These may have to be library or half price book store finds. You're right - not much on Kindle.


----------



## Ann in Arlington (Oct 27, 2008)

But you can subscribe to Ellery Queen Mystery Magazine on Kindle. . . . .



There are also a couple of radio scripts available per this page:

http://www.amazon.com/s/ref=nb_sb_noss?url=search-alias%3Ddigital-text&field-keywords=ellery+queen&x=0&y=0


----------



## IUHoosier (Aug 6, 2010)

Try Dorothy L Sayers.  Book 1 in the Lord Peter Wimsey series is 99 cents on Amazon.

For a more contemporary read, try P.D. James - very like the old whodunits....  (I like the Brits.)


----------



## MLPMom (Nov 27, 2009)

I don't know if this is too Classic for you or not but have you read anything by Wilkie Collins?

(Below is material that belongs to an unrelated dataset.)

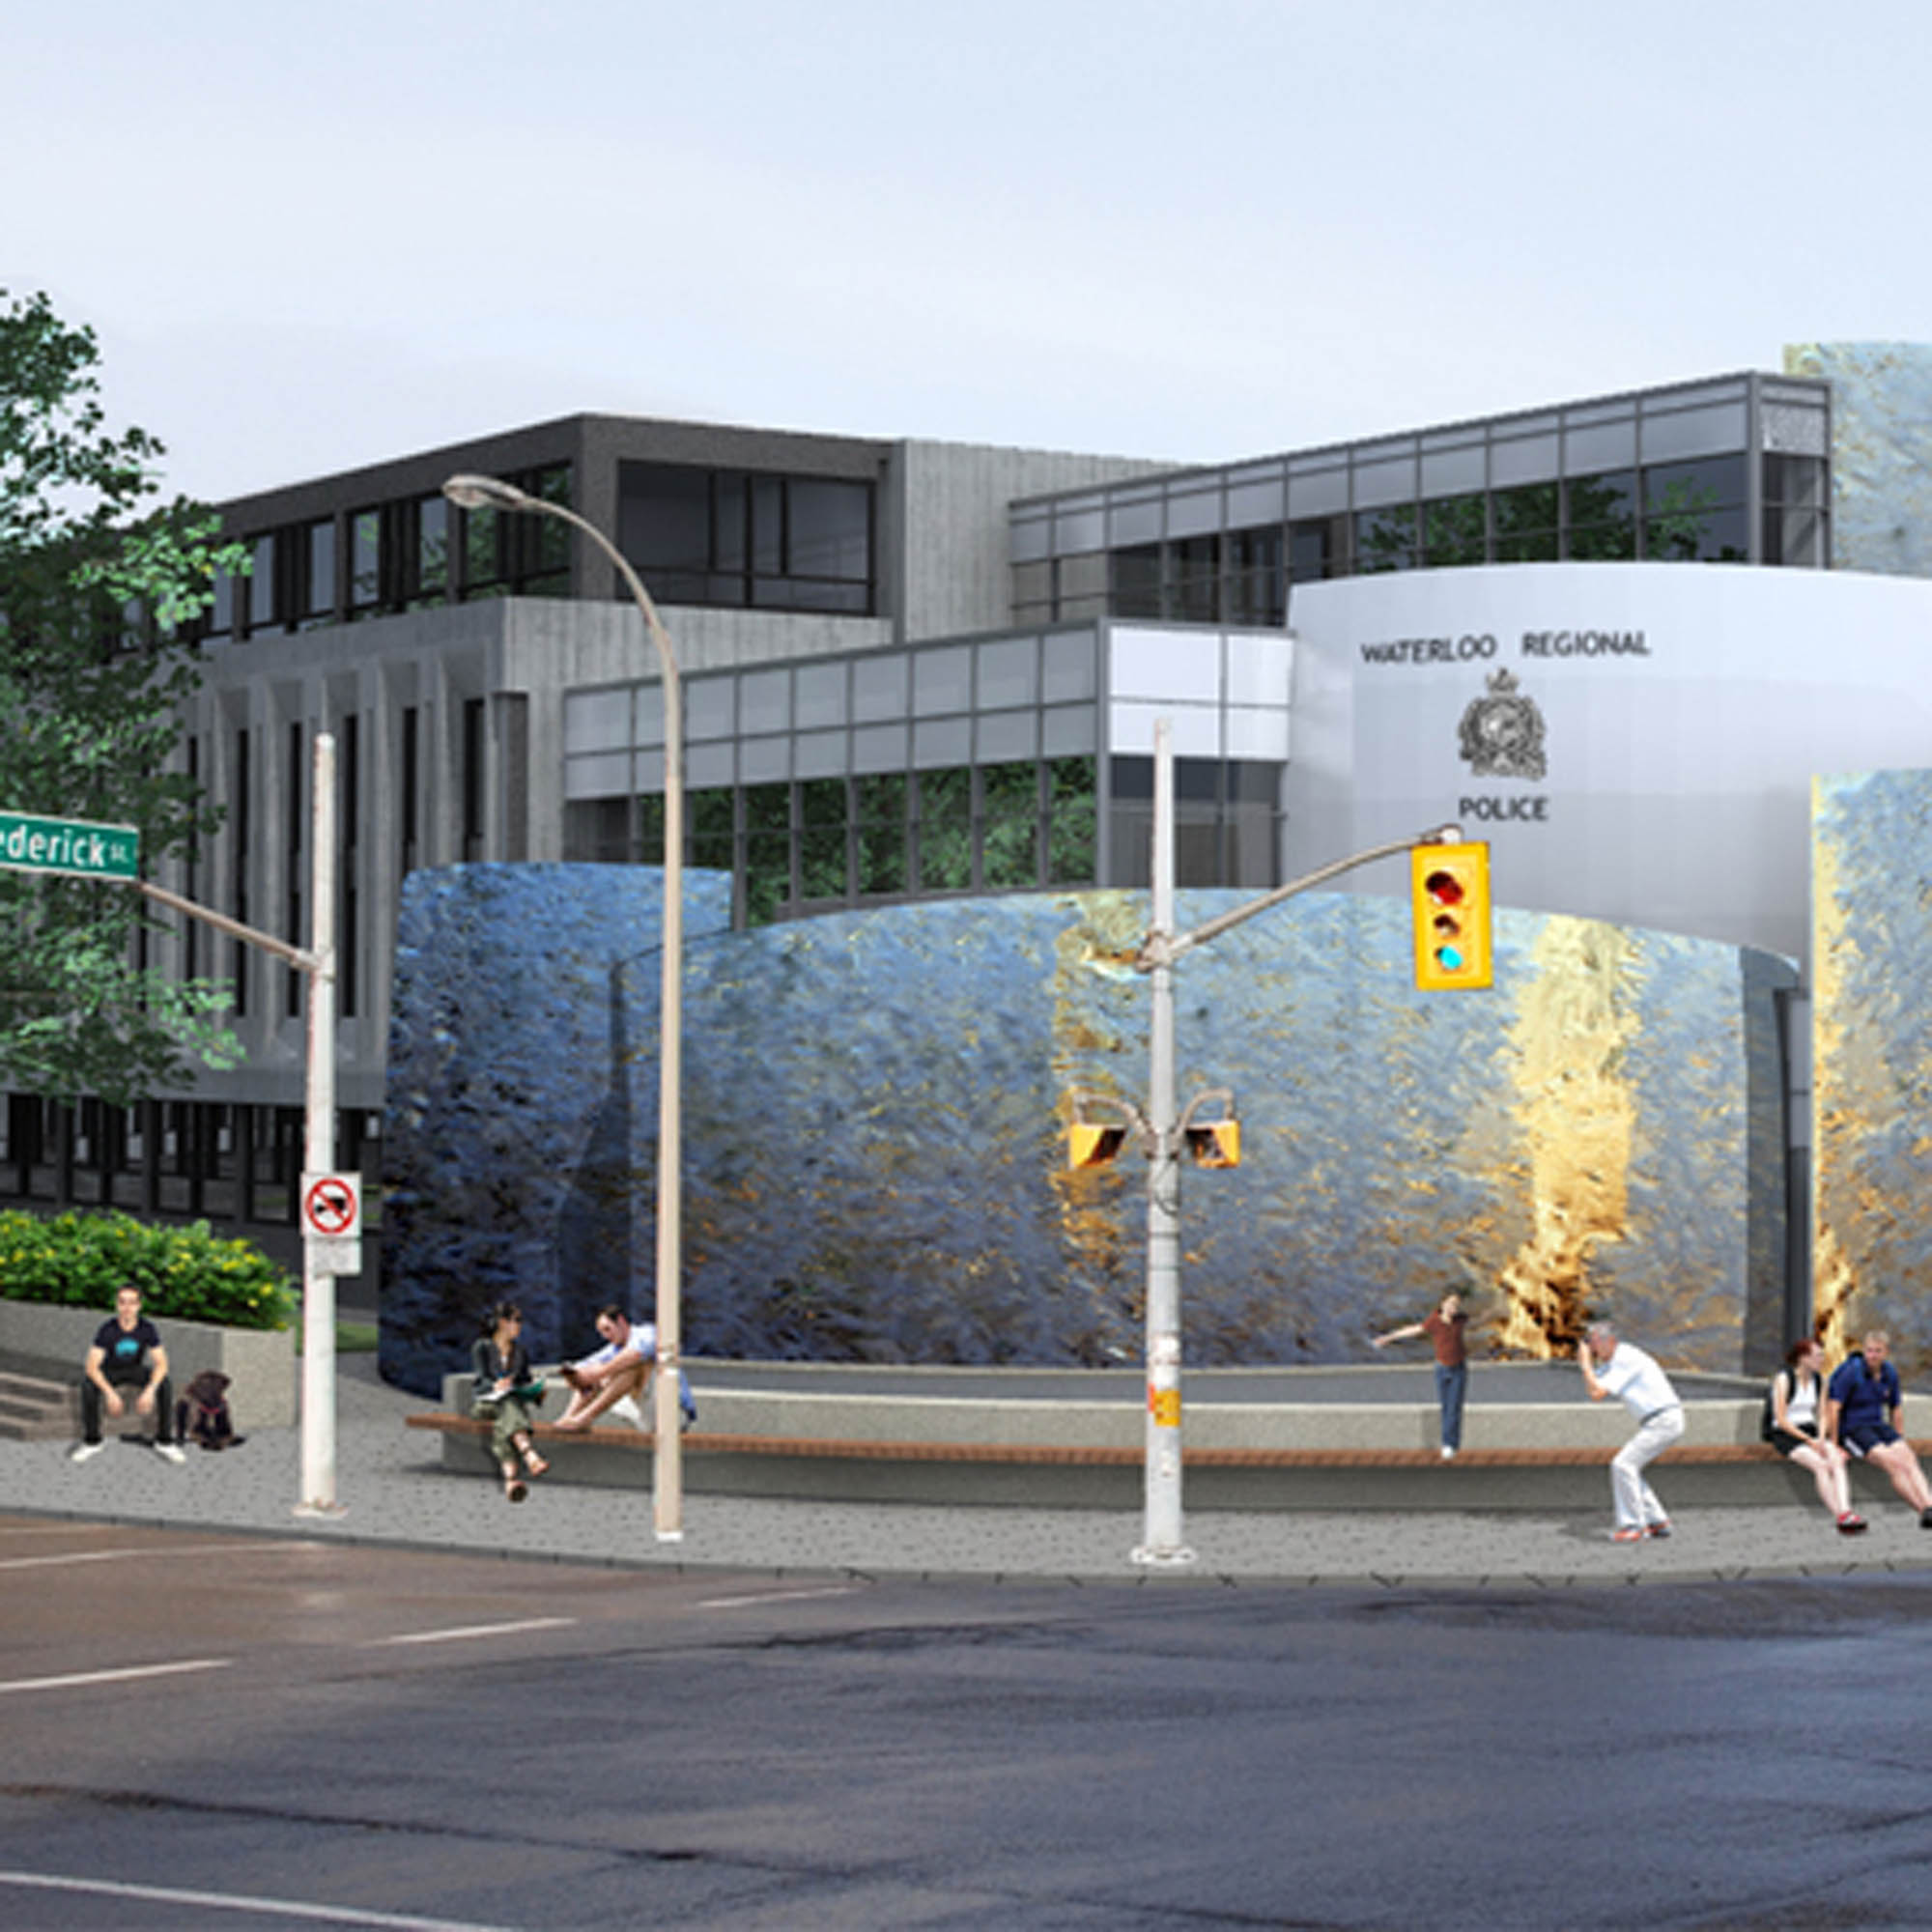 Proposed police station design for the Waterloo Regional Police Service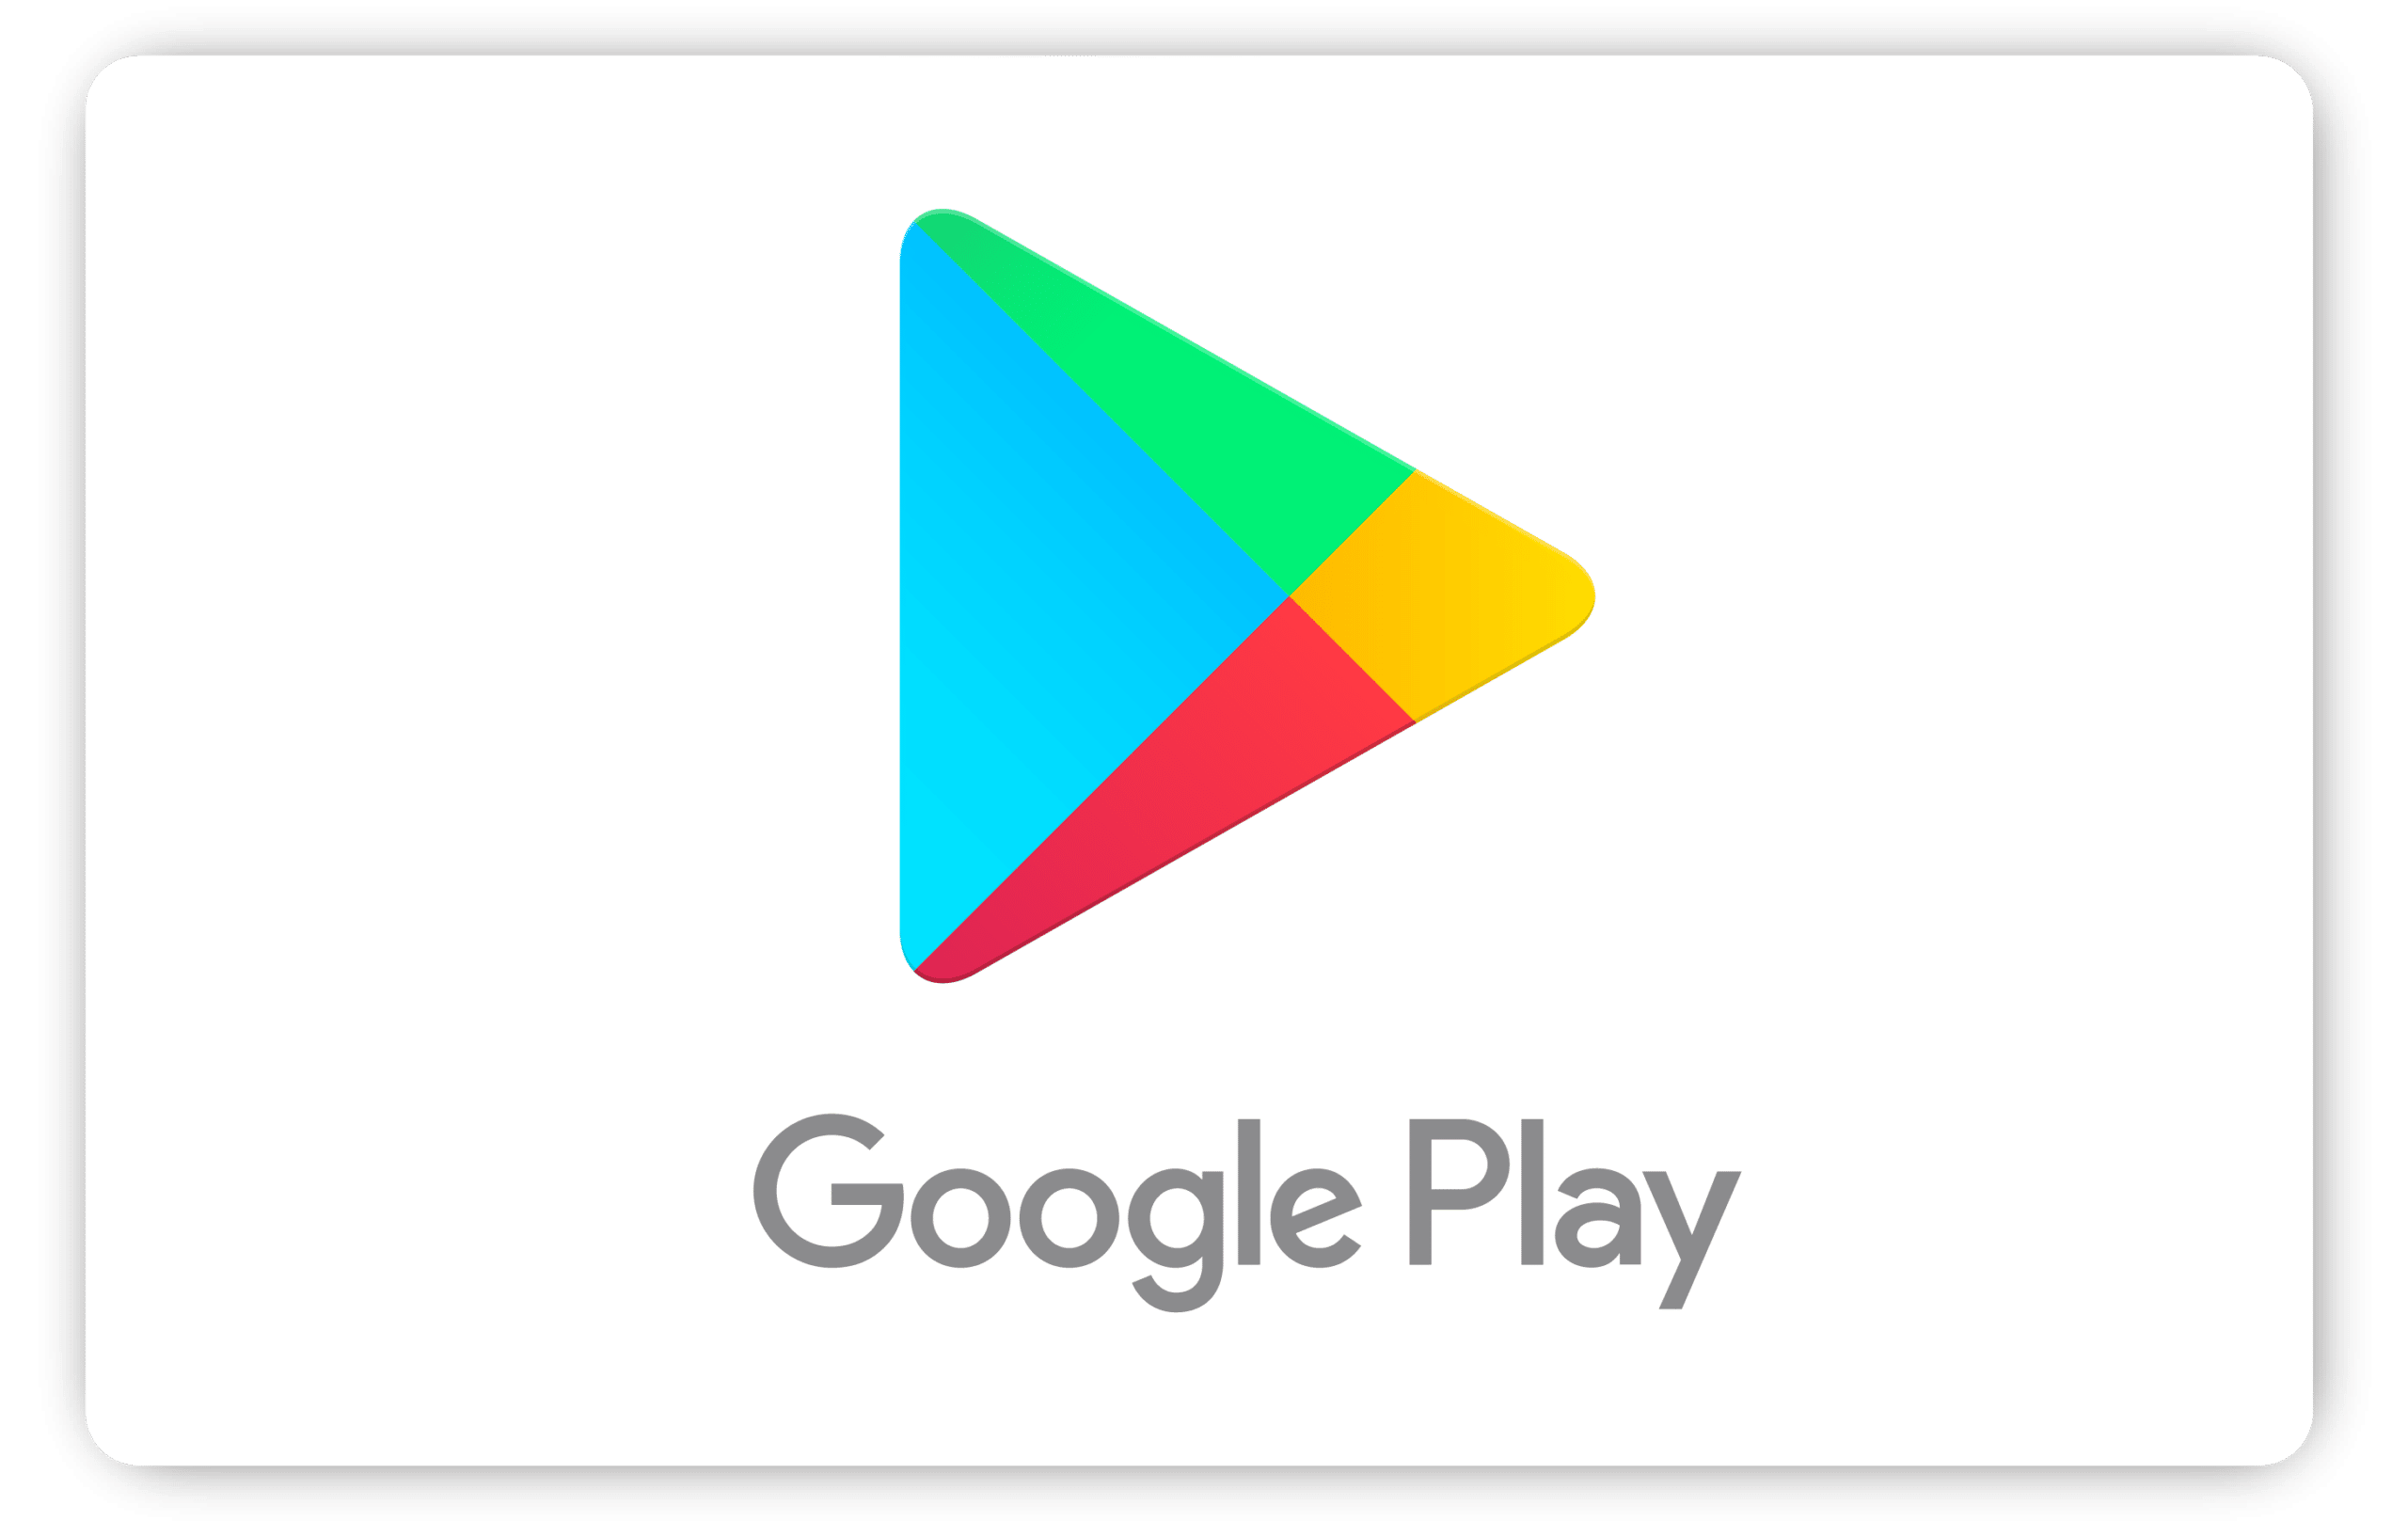 How to get free credits on Google Play?

I think _Moonstone_ and _Woman in White_ are both free on Amazon.


----------



## CNDudley (May 14, 2010)

IUHoosier said:


> Try Dorothy L Sayers. Book 1 in the Lord Peter Wimsey series is 99 cents on Amazon.
> 
> For a more contemporary read, try P.D. James - very like the old whodunits.... (I like the Brits.)


I second Dorothy Sayers. Elegant, witty writing, great characters. (If you get to the later ones with Harriet Vane, be sure to read in order.)


----------



## DYB (Aug 8, 2009)

Only the first two Agatha Christie novels are currently in the public domain: "A Mysterious Affair at Styles" (which is very good) and "A Secret Adversary" (which I thought was lame.)  The rest of her books are currently around $6 at Amazon.

You can also try Wilkie Collins.  There is currently an active thread about his "The Woman in White."  "The Moonstone" is his other masterpiece.  And both should be available for free.


----------



## telracs (Jul 12, 2009)

Thanks to this thread I've picked up the Dr. Thorndyke books and also a Raffles collection.


----------